Network-based Malware Detection 2.0: Scaling NBMD
It is time to return to our Network-based Malware Detection (NBMD) 2.0 series. We have already covered how the attack space has changed over the past 18 months and how you can detect malware on the network. Let’s turn our attention to another challenge for this quickly evolving technology: scalability.
Much of the scaling problem has to do with the increasing sophistication of attackers and their tools. Even unsophisticated attackers can buy sophisticated malware on the Internet. There is a well-developed market for packaged malware and suppliers are capitalizing on it. Market-based economies are a two-edged sword. And that doesn’t even factor in advanced attackers, who routinely discover and weaponize 0-day attacks to gain footholds in victim networks. All together, this makes scalability a top requirement for a network-based malware detection.
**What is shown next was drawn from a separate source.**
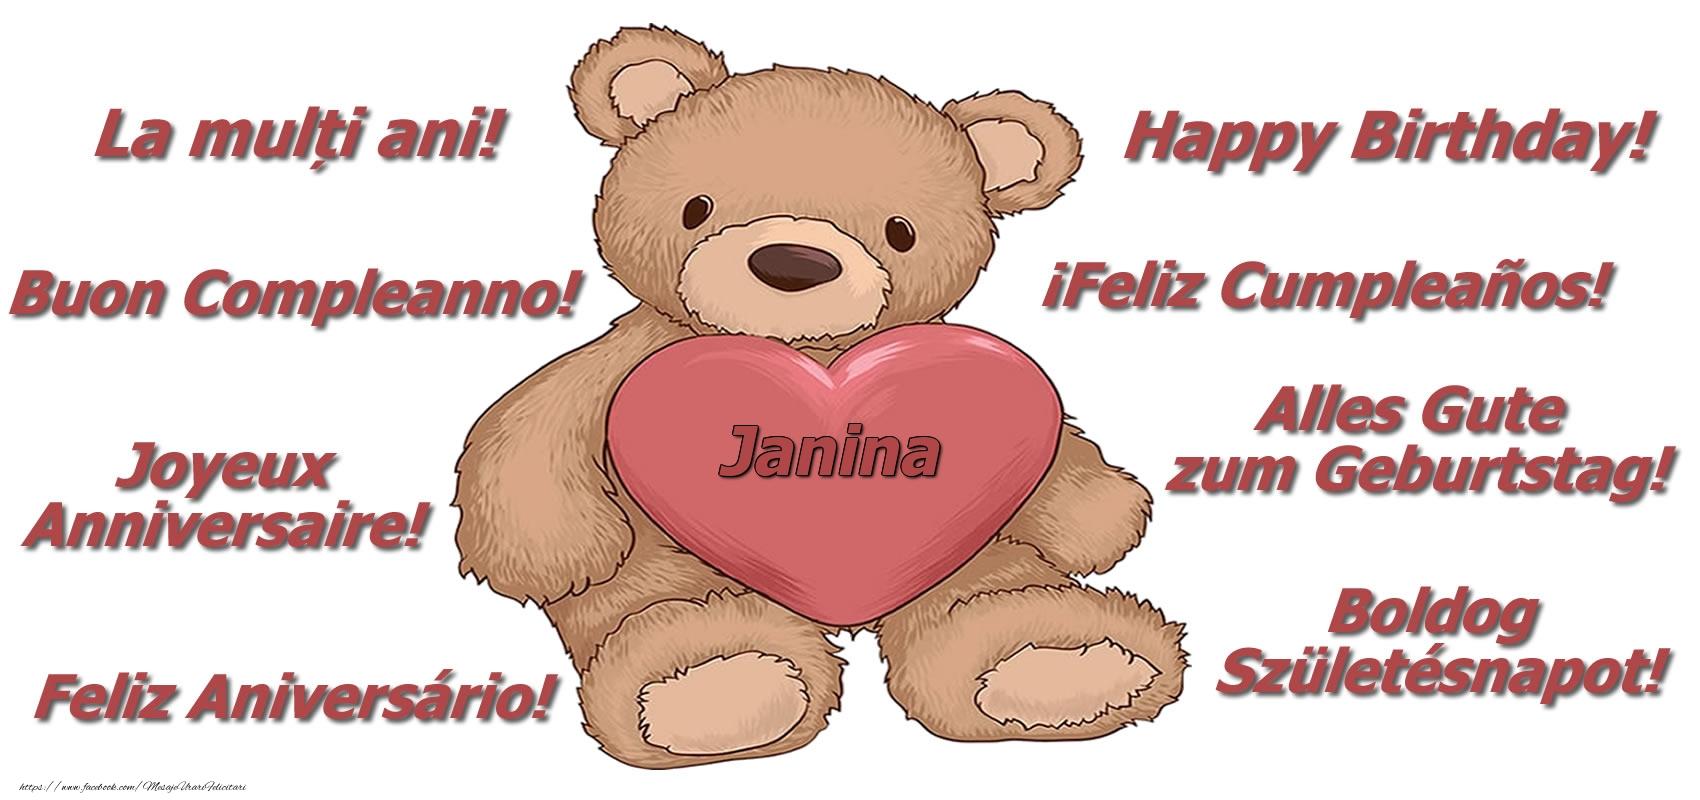 Felicitari de zi de nastere - La multi ani Janina! - Ursulet

So why is it hard to scale up? There are a few issues:
- Operating systems: Unless you have a homogenous operating system environment you need to test each malware sample against numerous vulnerable operating systems. The one-to-many testing requirement means that every malware sample requires 3-4 (or more) virtual machines, running different operating systems, to adequately test the file.
- VM awareness: Even better, attackers now check whether their malware is executing within a virtual machine. If so the malware either goes dormant or waits a couple hours, in hopes it will be cleared through the testbed and onto vulnerable equipment before it starts executing for real. So to fully test malware the sandbox needs to let it cook for a while. So you to spin up multiple VMs and need to let them run for a while – very resource intensive.
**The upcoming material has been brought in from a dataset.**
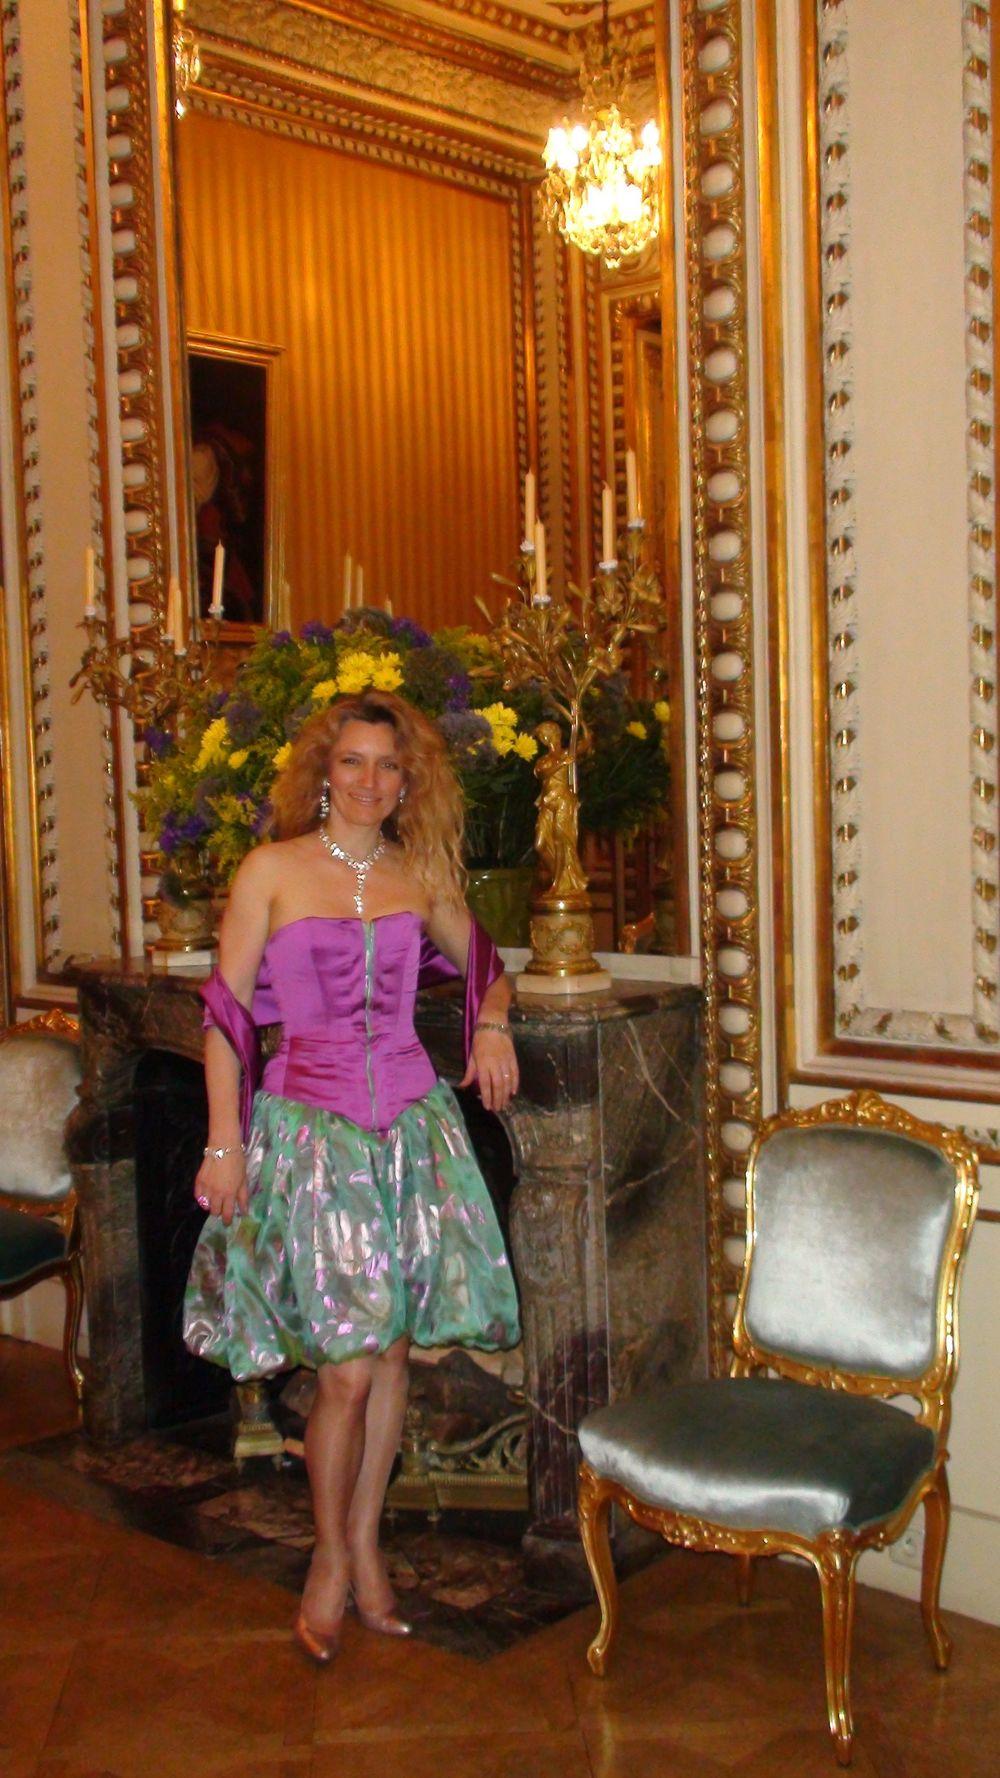 Robe de cocktail en soie vert et rose avec corset

- Network impact: Analyzing malware isn’t just about determining a file is malicious. You also need to understand how it uses the network to connect to command and control infrastructure and perform internal reconnaissance to detect lateral movement. That requires watching the network stack on every VM and parsing network traffic patterns.
- Analyze everything: You can’t restrict your heavy analysis to only files that look obviously bad based on simple file characteristics. With the advanced obfuscation techniques in use today you need to analyze all unknown files. Given the number of files entering a typical enterprise network daily, you can see how the analysis requirements scale up quickly.
As you can see the computing requirements to fully test inbound files are substantial and growing exponentially. Of course many people choose to reduce their analysis. You could certainly make a risk-based decision not even to try detecting VM-aware malware, and just pass or block each file instantly. You might decide not to analyze documents or spreadsheets for macros. You may not worry about the network characteristics of malware. These are all legitimate choices to help network-based malware detection scale without a lot more iron. But each compromise weakens your ability to detect malware. Everything comes back to risk management and tradeoffs. But, for what it’s worth, we recommend not skipping malware tests.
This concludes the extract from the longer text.